ASSIGNMENT:
Type out the whole listing again exactly, pictures omitted.

DATASET SECTION:
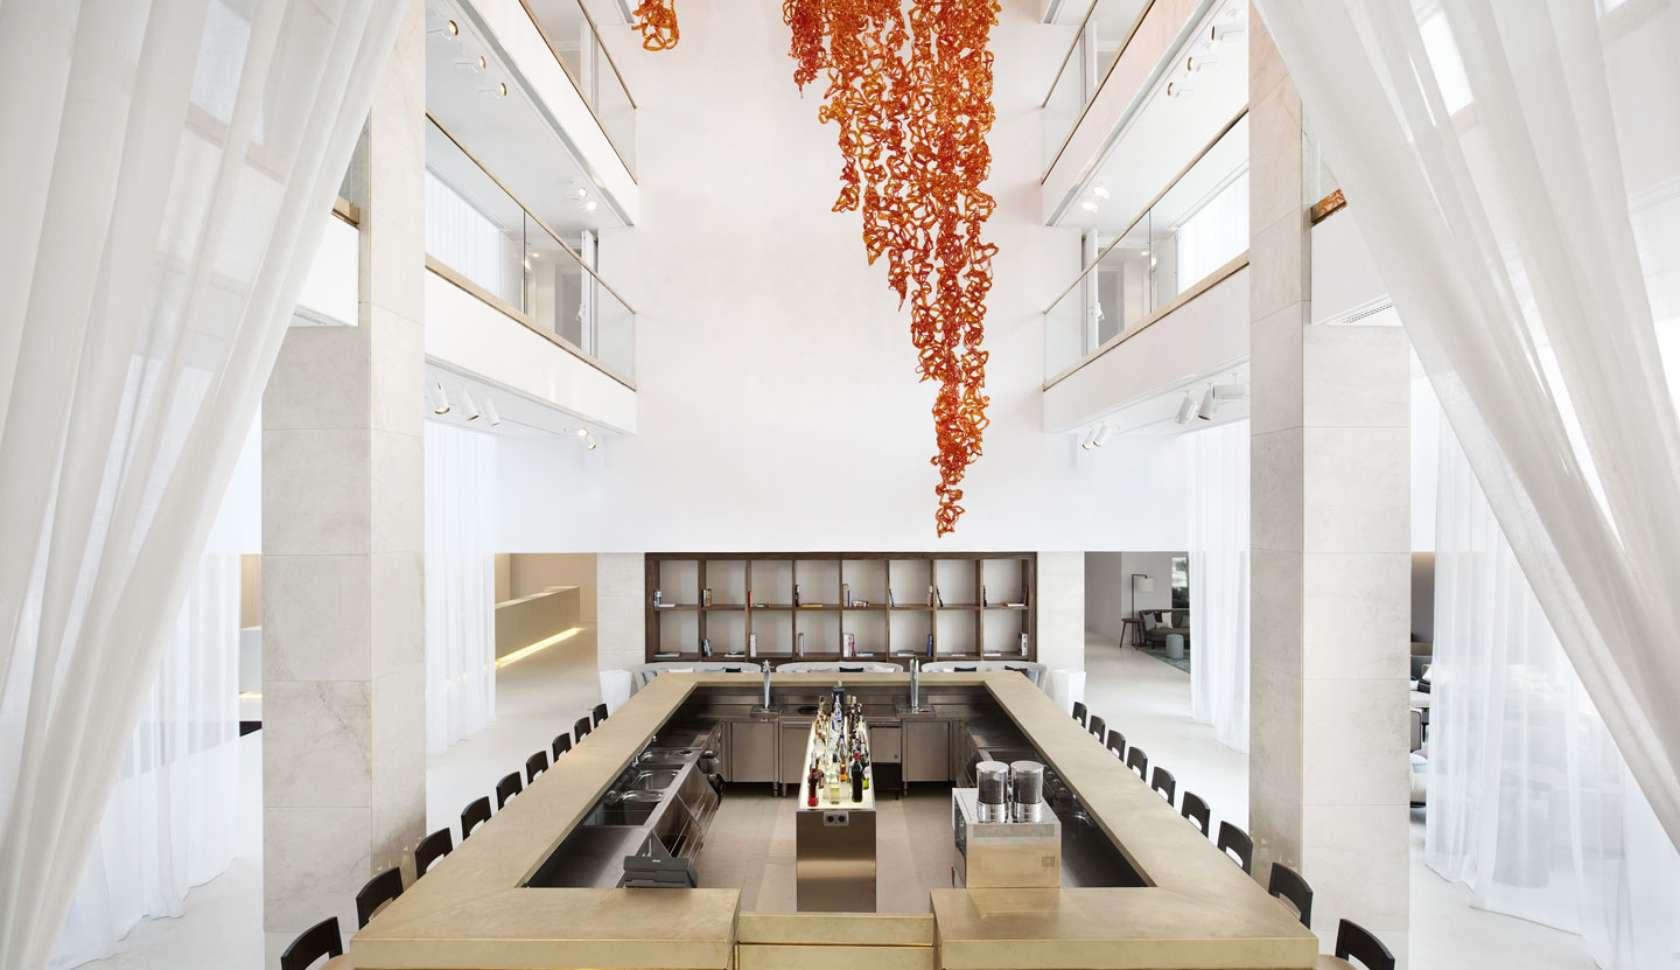 matteo thun partners architizer. Black Bedroom Furniture Sets. Home Design Ideas
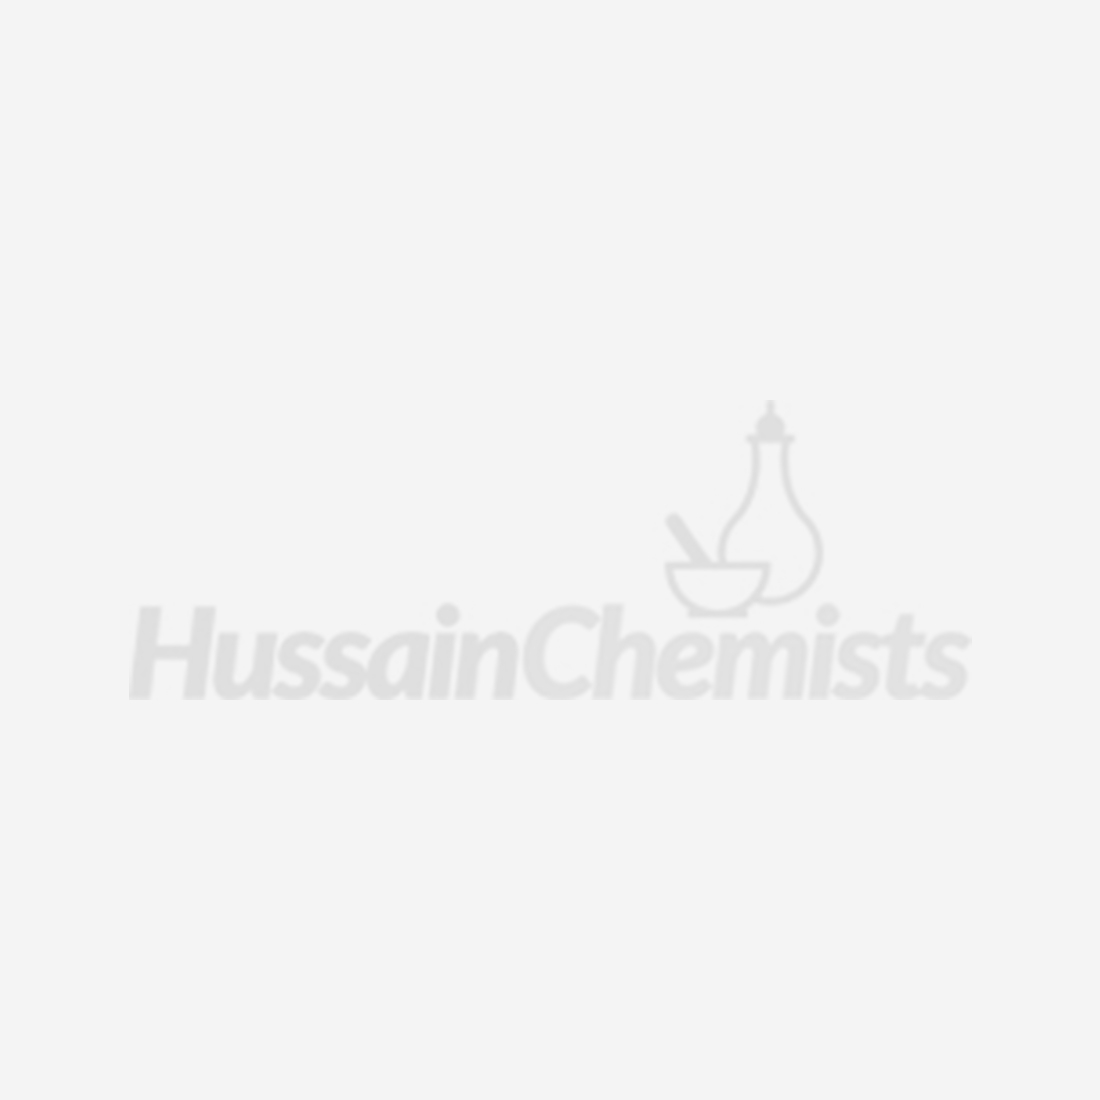 Solpadeine Plus Soluble Tablets - 16
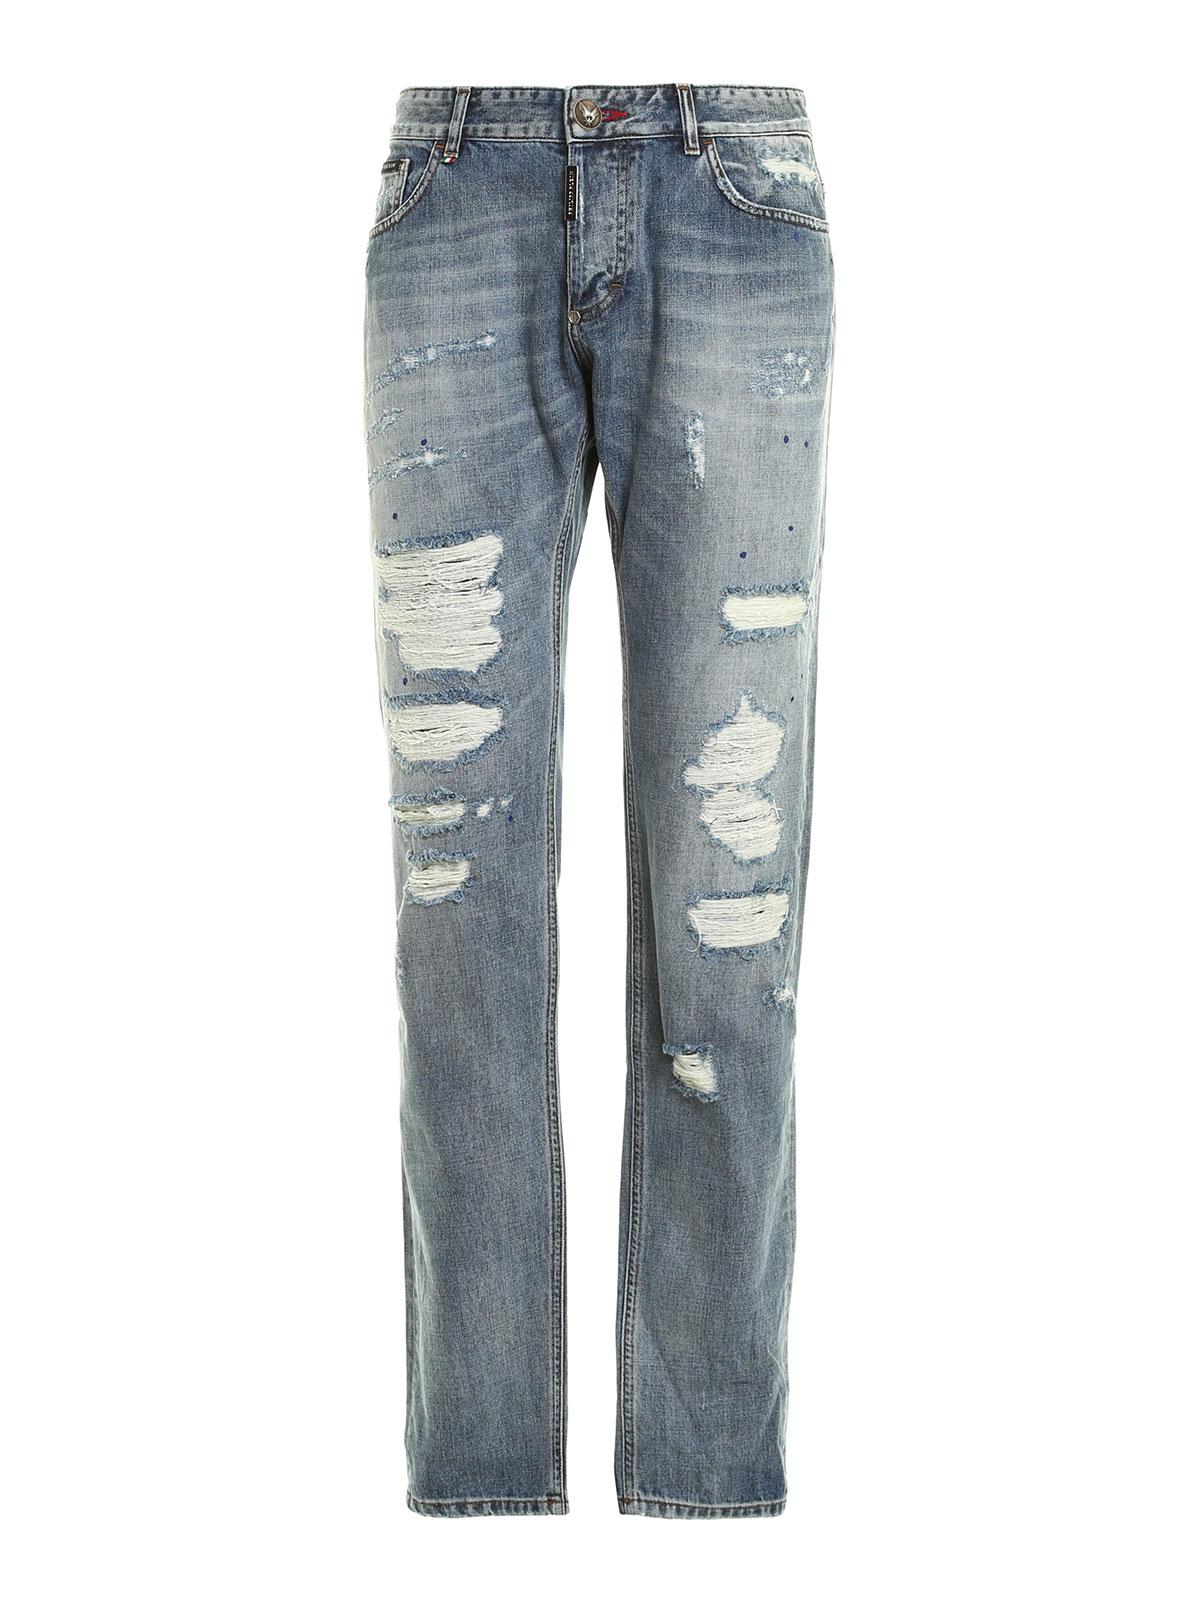 rainbow denim jeans by philipp plein straight leg jeans. Black Bedroom Furniture Sets. Home Design Ideas

SOLVED EXERCISE:
 matteo thun partners architizer. Black Bedroom Furniture Sets. Home Design Ideas
 Solpadeine Plus Soluble Tablets - 16
 rainbow denim jeans by philipp plein straight leg jeans. Black Bedroom Furniture Sets. Home Design Ideas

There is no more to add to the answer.